> What you will do: For this exercise, copy exactly only the lines from the one containing "Budget-friendly moving services" to the final line of the material below, without the pictures.

##### Collected data

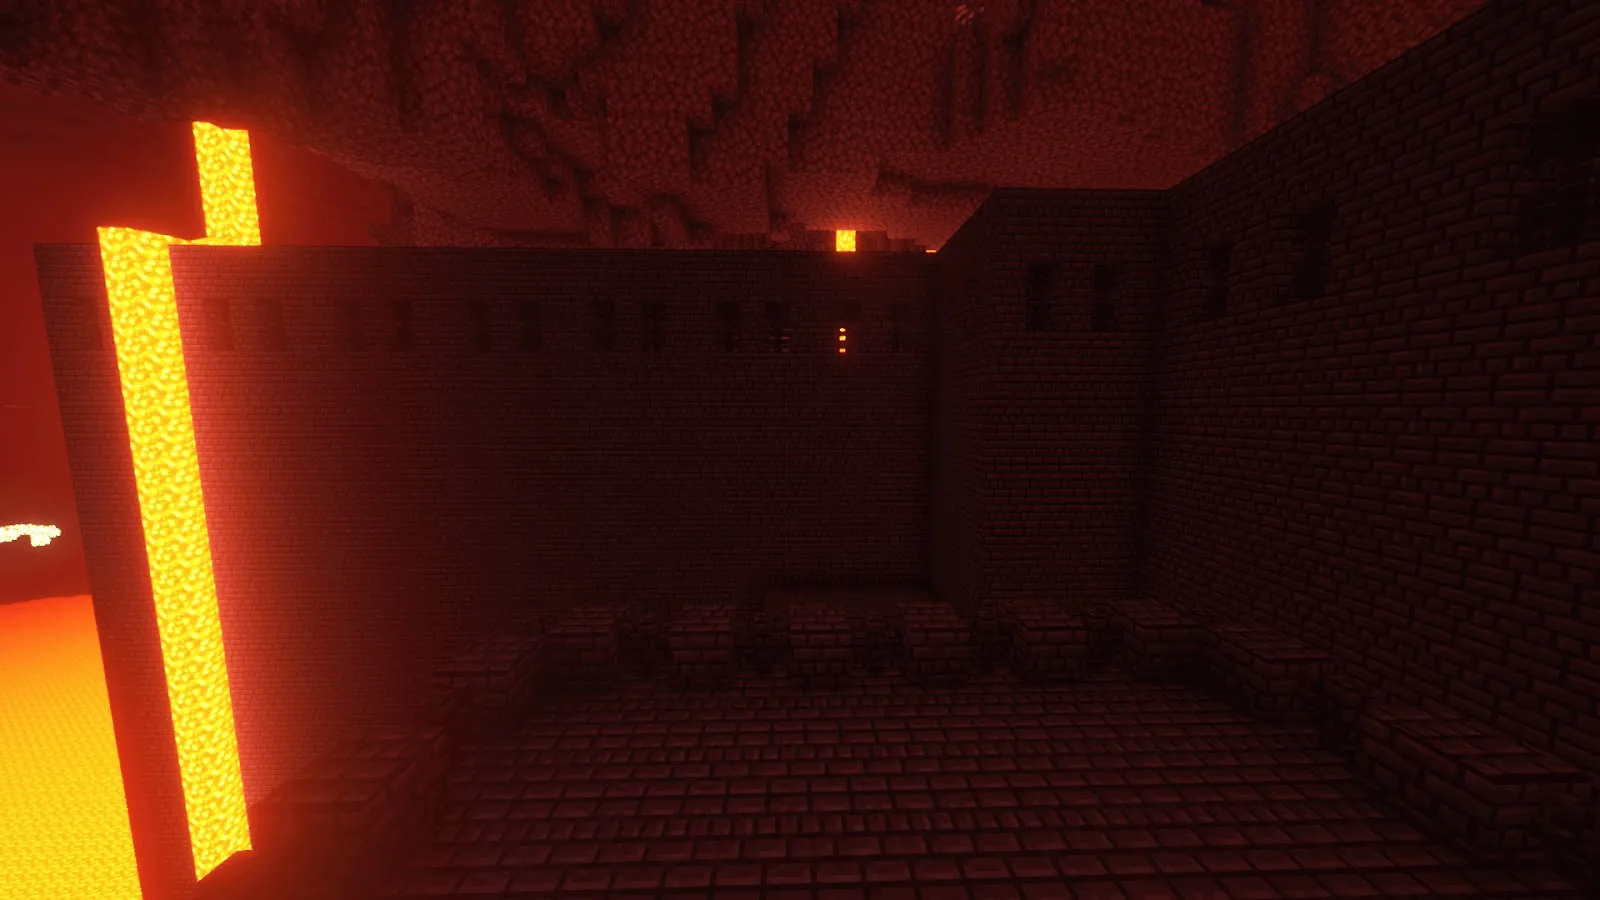 nether fortress
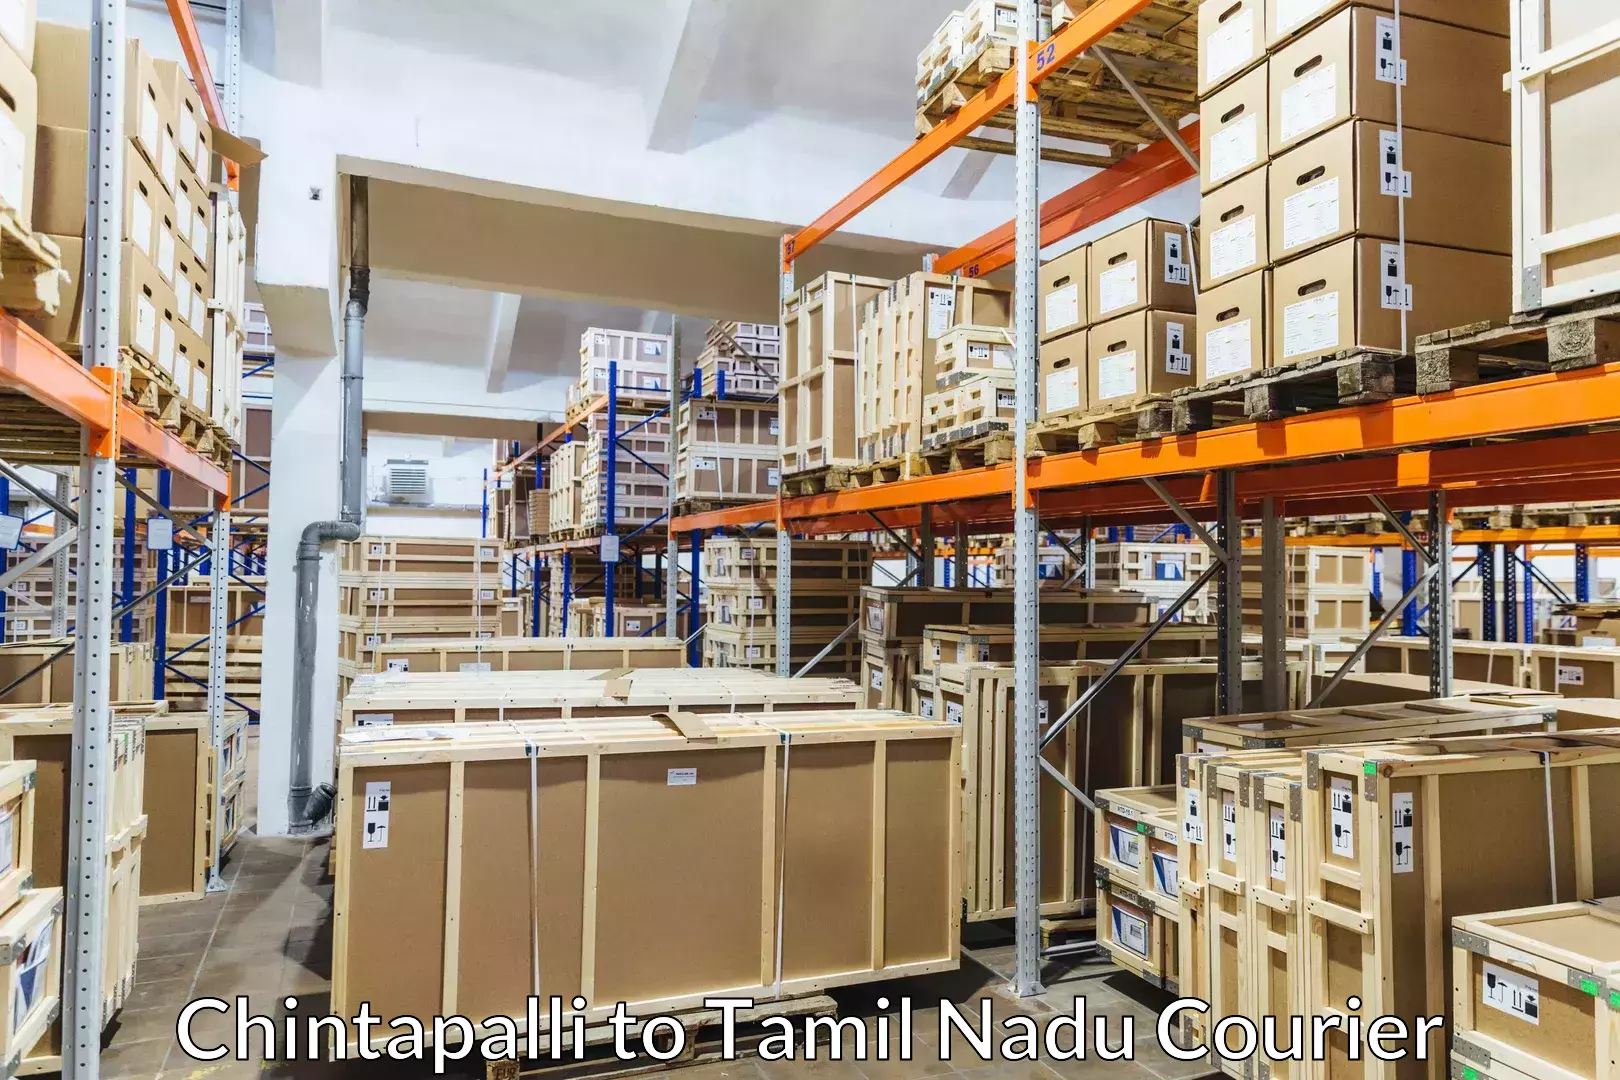 Budget-friendly moving services in Chintapalli to Ambattur
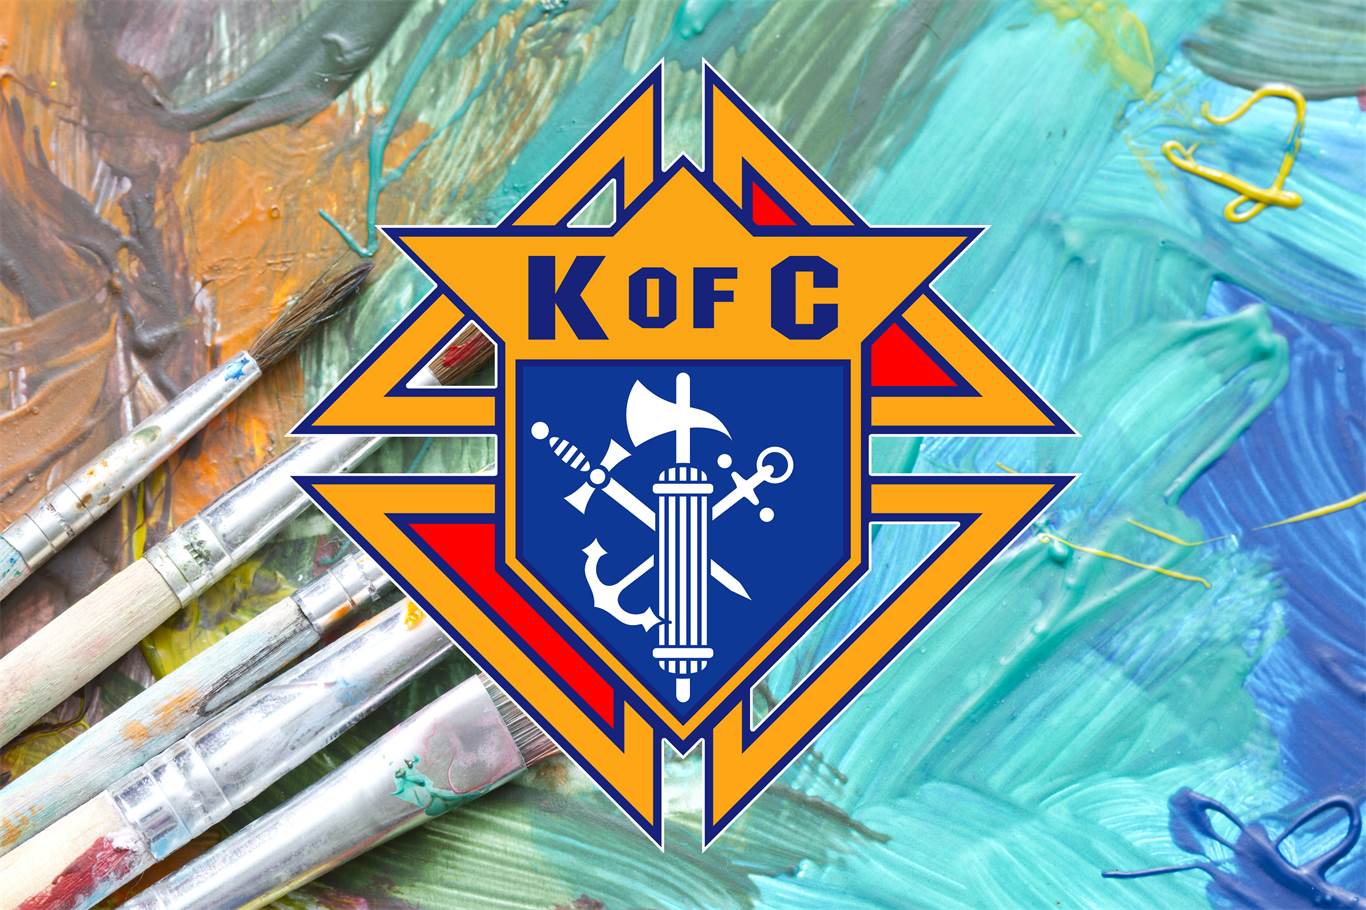 Knights of Columbus Substance Abuse and Awareness Poster Contest 2017
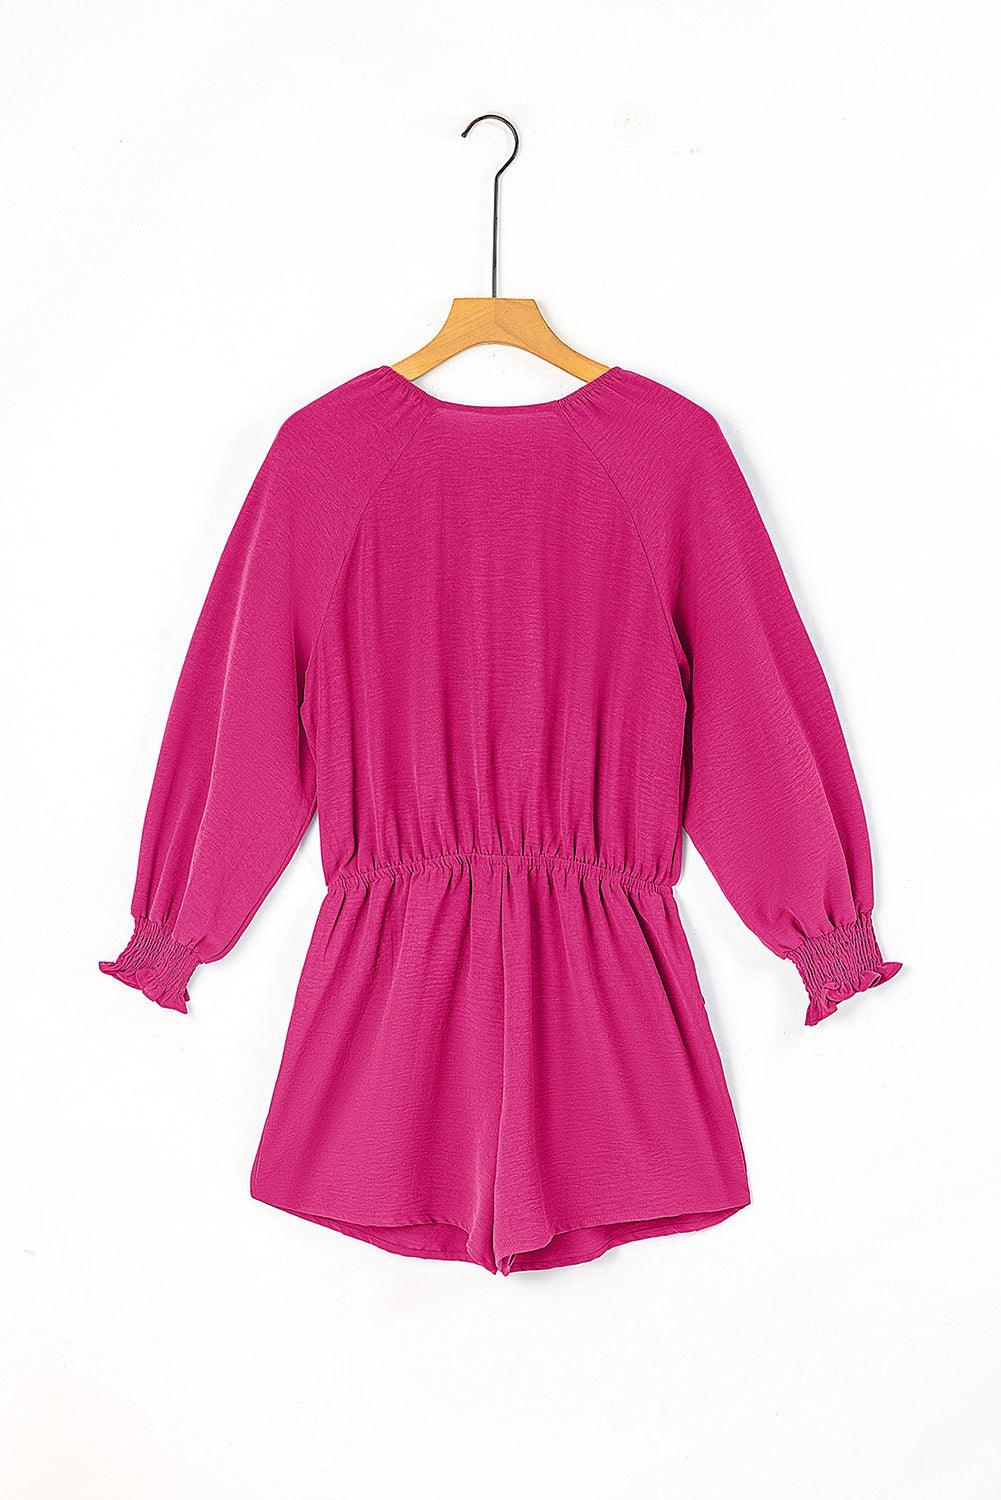 Tied Flounce Sleeve Plunge Romper - Lab Fashion, Home & Health

##########

> Solution to the problem:
 Budget-friendly moving services in Chintapalli to Ambattur
 Knights of Columbus Substance Abuse and Awareness Poster Contest 2017
 Tied Flounce Sleeve Plunge Romper - Lab Fashion, Home & Health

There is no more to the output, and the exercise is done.